— Dataset excerpt —
^^^^
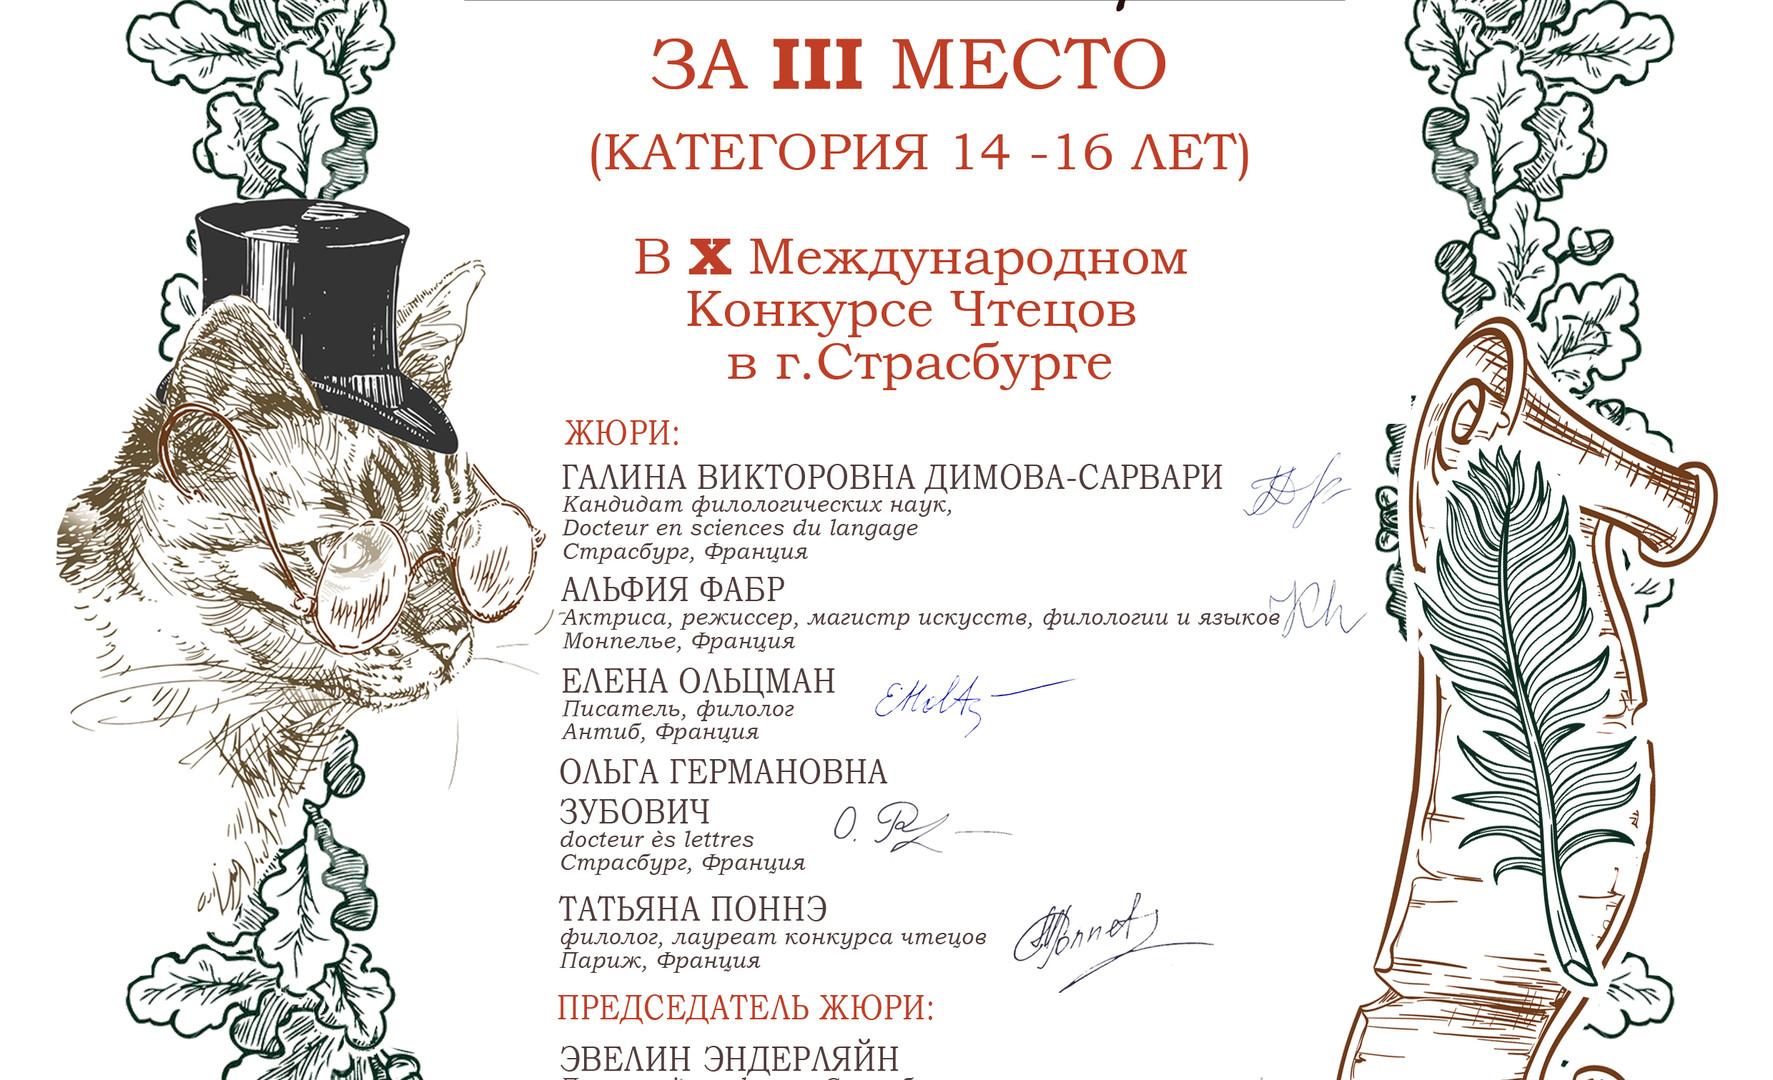 Diplom_KCH_X_3_place_14-16.jpg
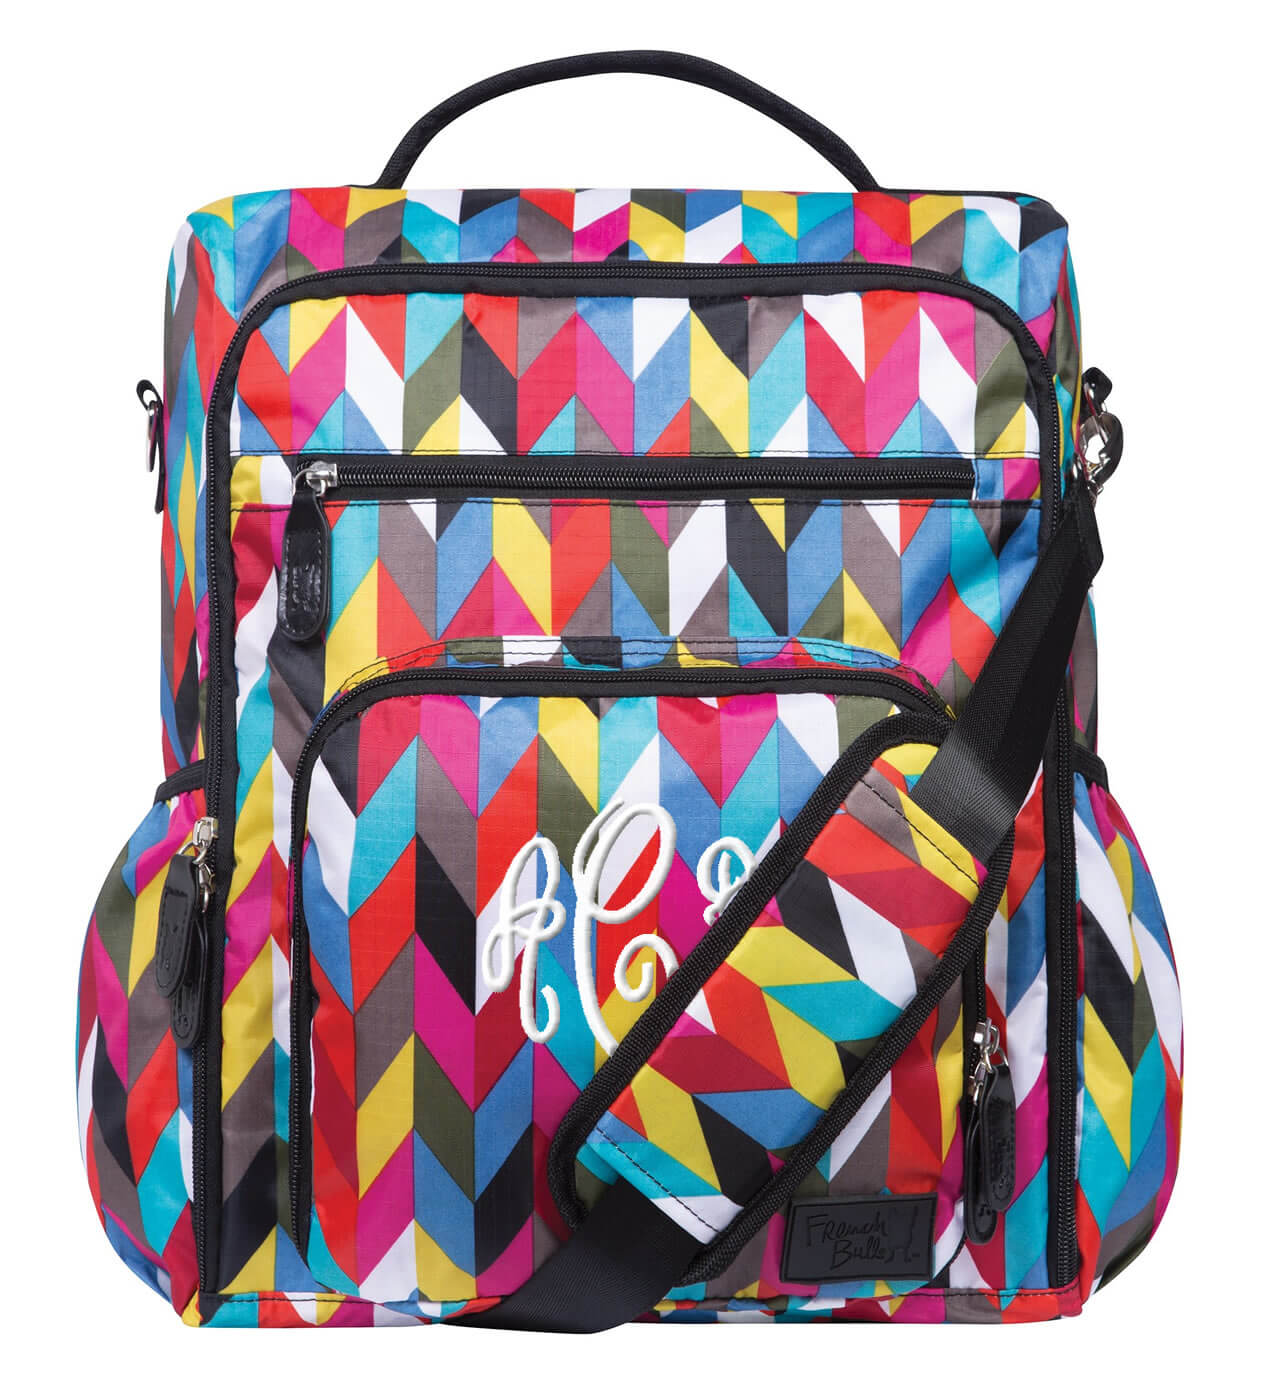 Personalized Zig Zag Messenger Bag
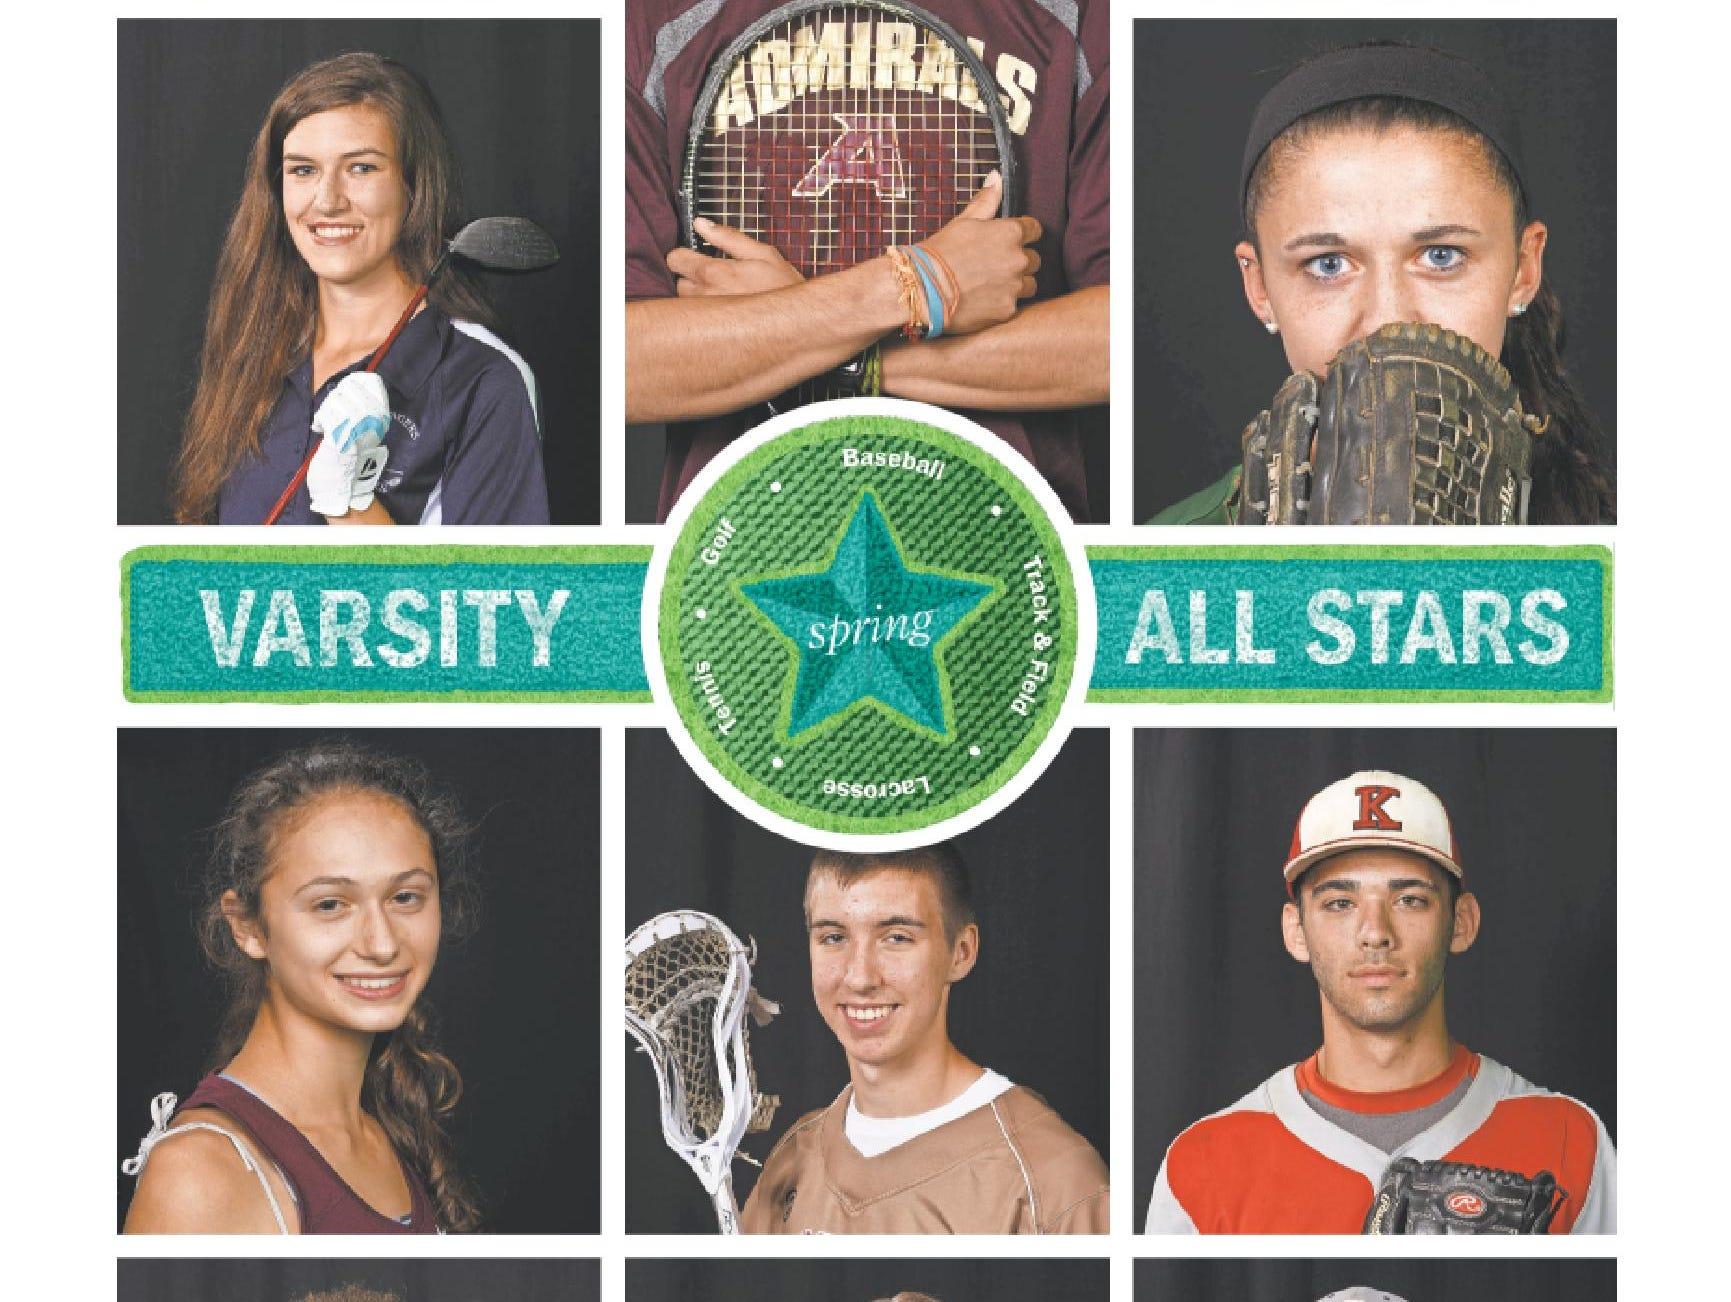 Poughkeepsie Journal 2015 Spring High School All Stars cover
^^^^
— Task directions —
The lines to write out run from the one containing "Personalized Zig Zag Messenger Bag" through the final line of the material above, both included; write them out exactly, with no pictures.

— Answer section —
 Personalized Zig Zag Messenger Bag
 Poughkeepsie Journal 2015 Spring High School All Stars cover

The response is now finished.